Third-party brand strategy

THG is now operating the ecommerce operations of a growing number of brands on behalf of their owners. Its Ingenuity Commerce business, which operates ecommerce businesses on behalf of brands, grew by 135.2% to £45.4m as it grew the number of brands that it operates. In the first quarter of 2022 it operated 202 live websites for clients – up from 133 a year earlier.

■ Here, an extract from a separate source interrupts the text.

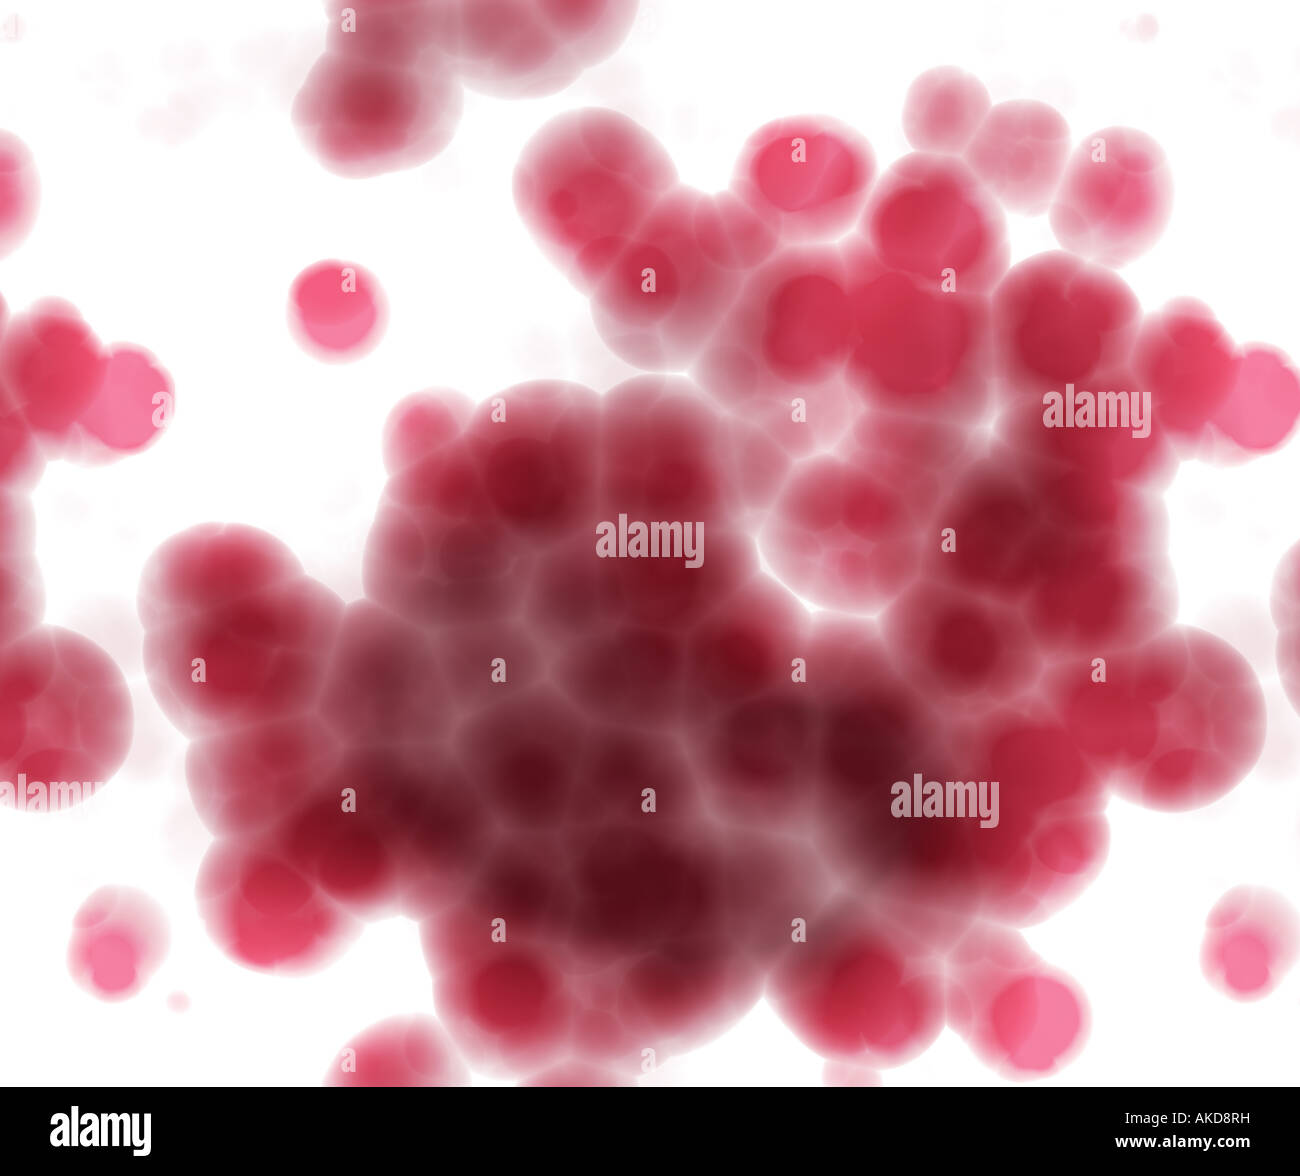 hell beleuchtete Erythrozyten auf weißem Hintergrund unter dem Mikroskop  Stockfotografie - Alamy

“Globalising a digital brand is incredibly complex and expensive with a high failure rate, which is why so few brand owners have ever done it successfully across multiple territories,” says Moulding in today’s statement. “The migration of websites trading substantial GMV is not without execution risk and the group’s experience in this regard has delivered meaningful improvements to the all-important customer experience. This positions Ingenuity as a partner of choice for brands looking to invest in and develop their digital and cross-border strategies.”

Sustainability

THG says it aims “to leave the world a better place than we found it”, and it is following science and data based goals including to offset all of its historical operational emissions by the end of 2025. During 2021, it planted 830,000 trees through its THG Eco division.